Free proline content in leaves was determined according to the method proposed by Bates et al., (1973) based on the formation of red coloured formazine by proline with ninhydrin in acidic medium, which is soluble in organic solvents like toluene.
Protein content was estimated by the method given by Lowry et al., (1951) Five hundred mg of plant materials were weighed and macerated in a pestle and mortar with 10 ml of 20 per cent trichloroacetic acid. The homogenate was centrifuged for 15 min at 6000 rpm. The supernatant was discarded. To the pellet, 5 ml of 0.1 N NaOH was added and centrifuged for 5 min. The supernatant was saved and made up to 10 ml with 0.1 N NaOH. This extract was used for the estimation of the protein.

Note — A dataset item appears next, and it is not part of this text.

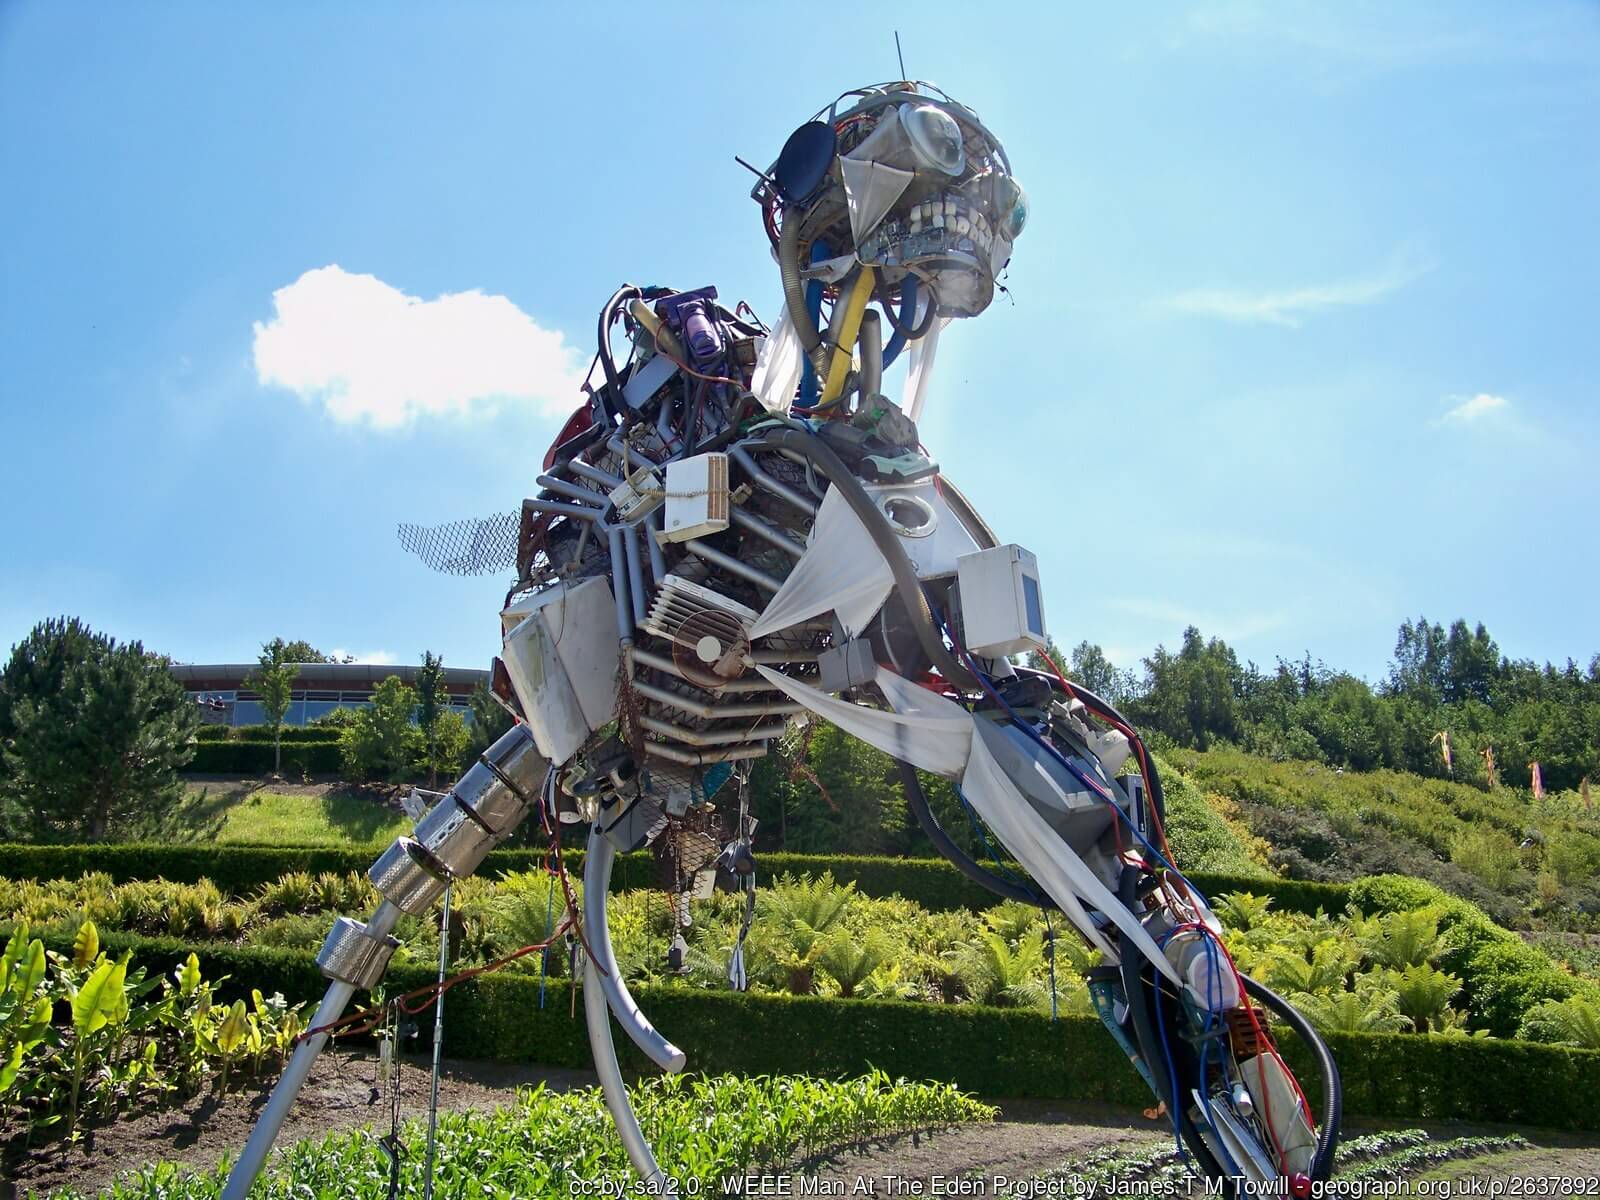 Image of &quot;WEEE Man&quot; statue, which is made from 3.3 metric tons of electrical waste, or the average amount of e-waste that one UK individual creates in a lifetime. (Photograph by James T.M. Towill and <a href="https://www.geograph.org.uk/photo/2637892">published</a> under a <a href="https://spdx.org/licenses/CC-BY-SA-2.0.html">CC-BY-SA-2.0</a> license.)
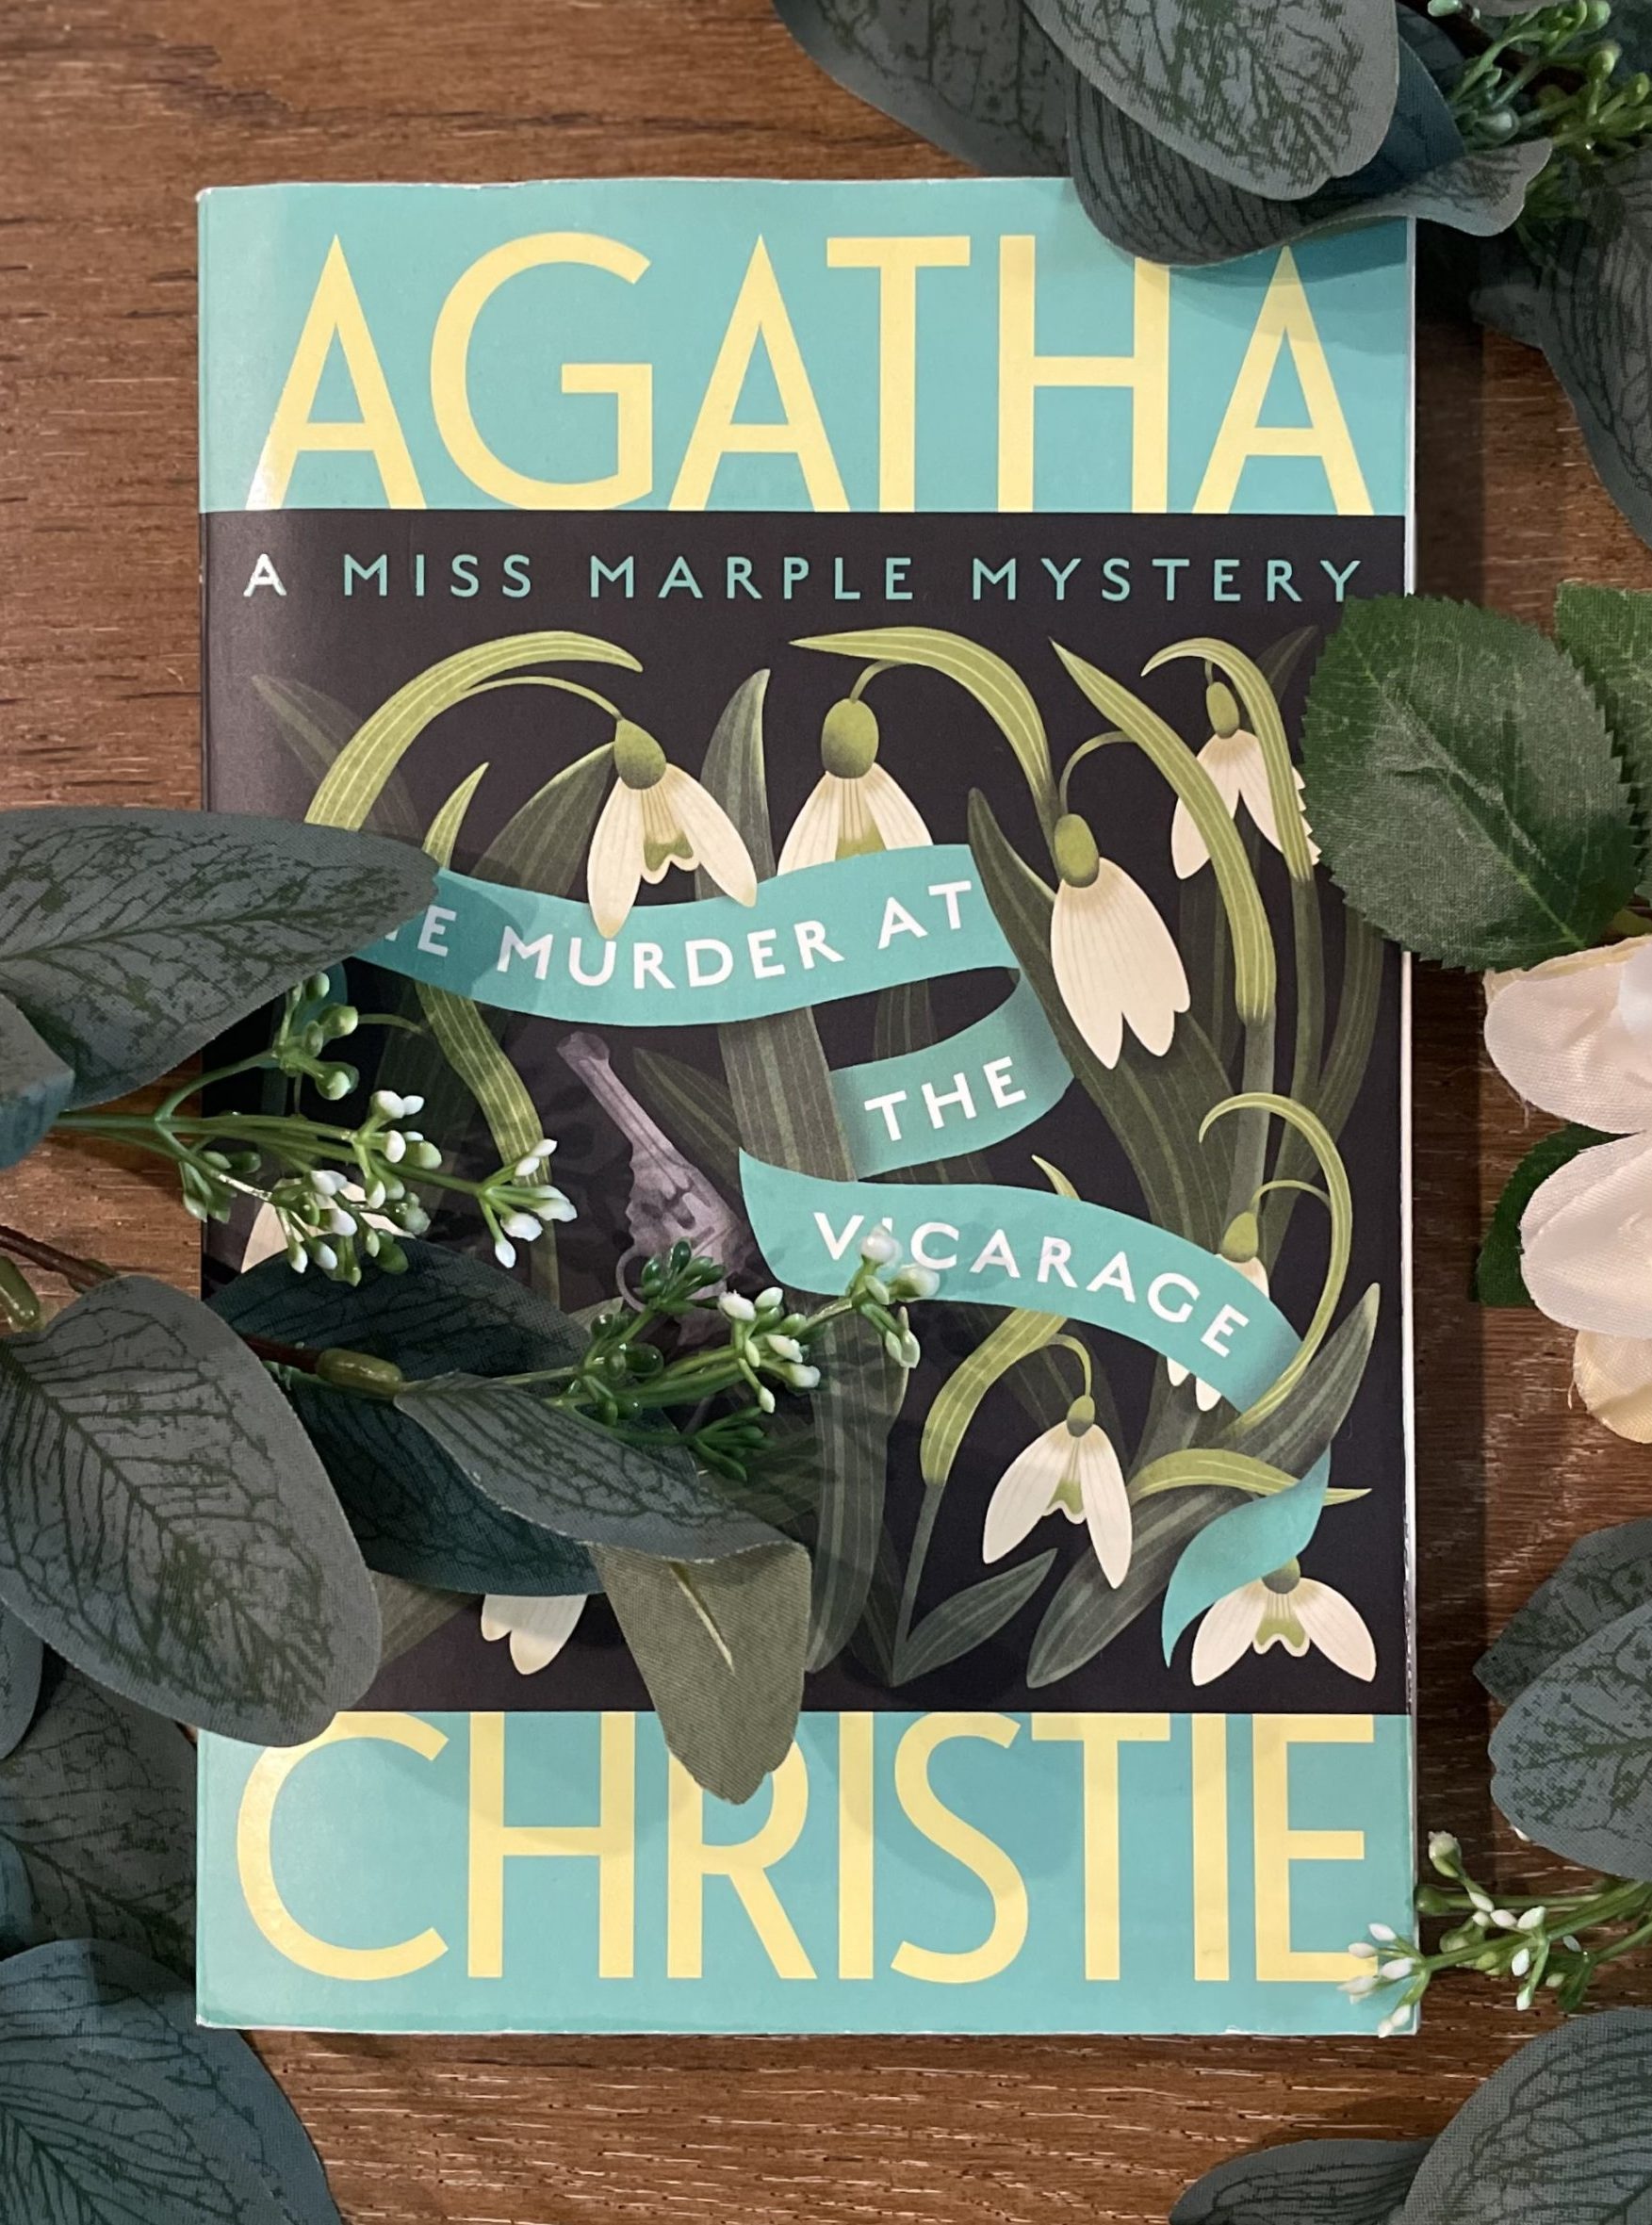 The Murder at the Vicarage Part 1: What makes a good Miss Marple novel?

Estimation of antioxidant enzymes
Leaf samples (250 mg) were ground to a fine powder using liquid nitrogen. Ground powder was homogenized in 1.5 ml of ice-cold extraction buffer containing phosphate buffer (100 mM, pH 7.0), 1% PVP and 1mM EDTA before centrifugation at 1000 rpm and 40°C for 15 min. The supernatant was separated and stored at 40°C till the assay of enzymatic activities using spectrophotometer.
Catalase (CAT) activity (EC
CAT activity was determined by the method of Luck (1965) with some modifications. For assay 100 μl of diluted enzyme extracted from leaves was taken and added with 800 ìl of 50 mM potassium phosphate buffer (pH 7.0). Reaction was initiated by adding 100 μl of 100 mM hydrogen peroxide. The change in absorbance was recorded at 240 nm at an interval of 15 sec for 2 min. The enzyme activity was expressed as unit mg-1 protein min-1. One unit can be defined as 0.1 decrease in absorbance.
Ascorbate peroxidase (APX) activity (EC
APX activity was measured by the method of Nakano and Asada (1981). To prepare reaction mixture for determining APX activity, diluted enzyme extract (20 μl) was added in 50 mM potassium phosphate buffer (880 μl) containing 0.5 mM ascorbate. The reaction was started by the addition of 1 mM H2O2 (100 μl). Diminishing absorbance was recorded at 290 nm at 15 sec intervals for 2 min.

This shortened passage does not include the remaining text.